## Data excerpt
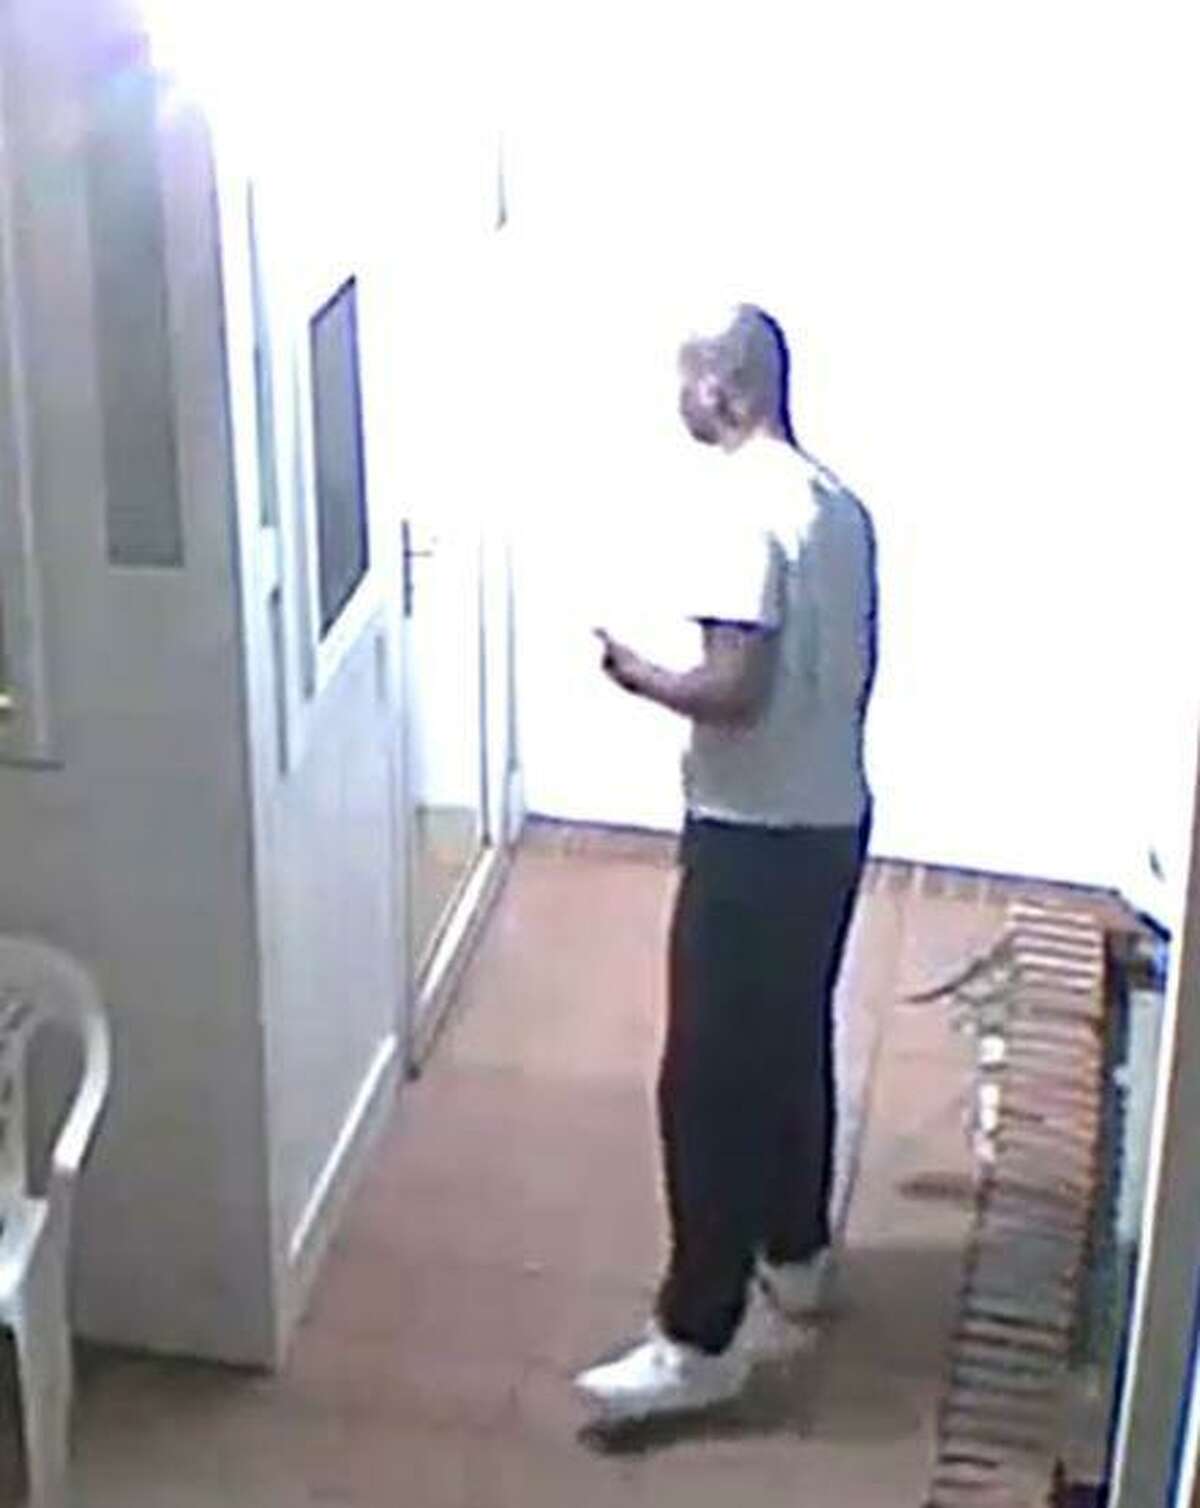 Police released video surveillance stills of this person of interest in the arson case Thursday.
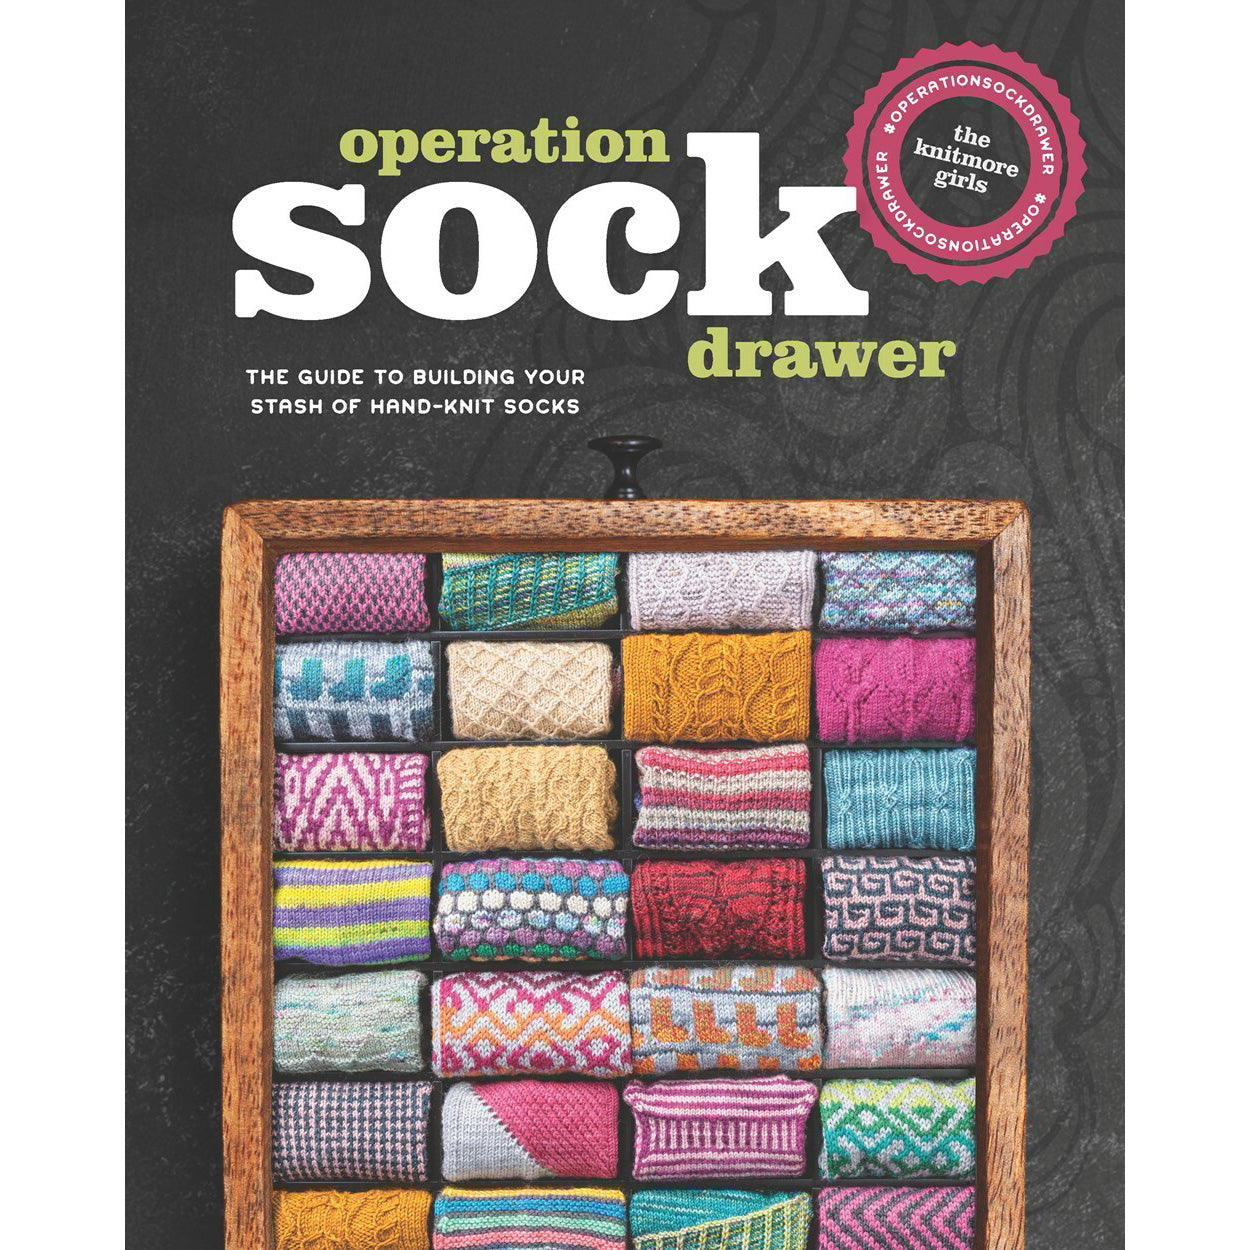 Operation Sock Drawer: The Guide to Building Your Stash of Handmade Socks (Knitmore Girls)
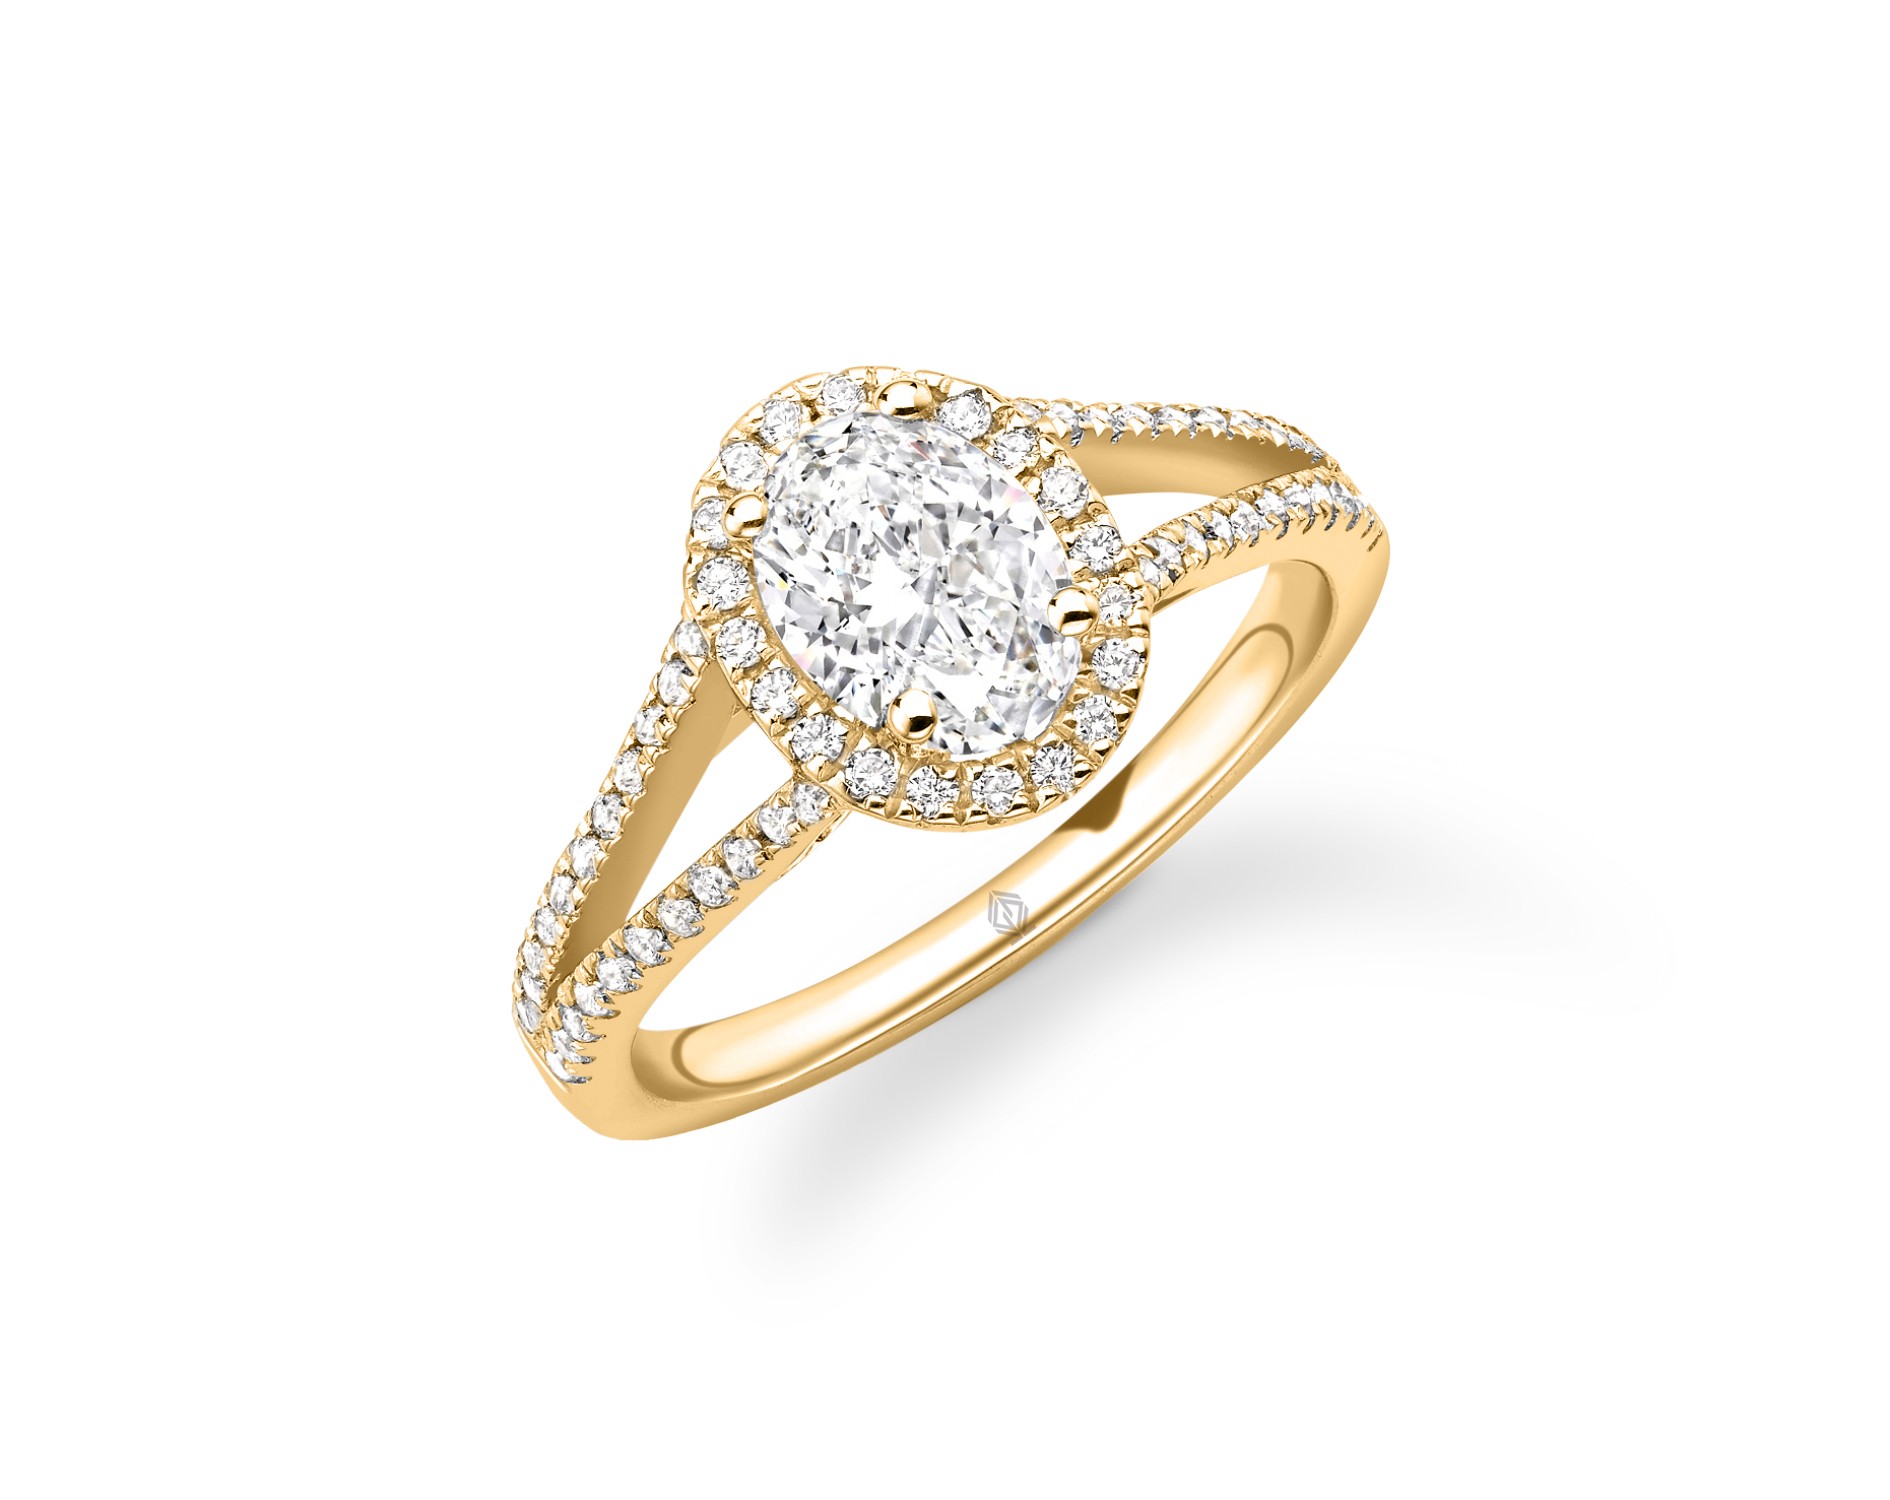 18K YELLOW GOLD OVAL CUT HALO DIAMOND ENGAGEMENT RING WITH SPLIT SHANK IN PAVE SET

## Task objective
Your copy should hold all the data word for word. It should hold no pictures.

## Output for this exercise
 Police released video surveillance stills of this person of interest in the arson case Thursday.
 Operation Sock Drawer: The Guide to Building Your Stash of Handmade Socks (Knitmore Girls)
 18K YELLOW GOLD OVAL CUT HALO DIAMOND ENGAGEMENT RING WITH SPLIT SHANK IN PAVE SET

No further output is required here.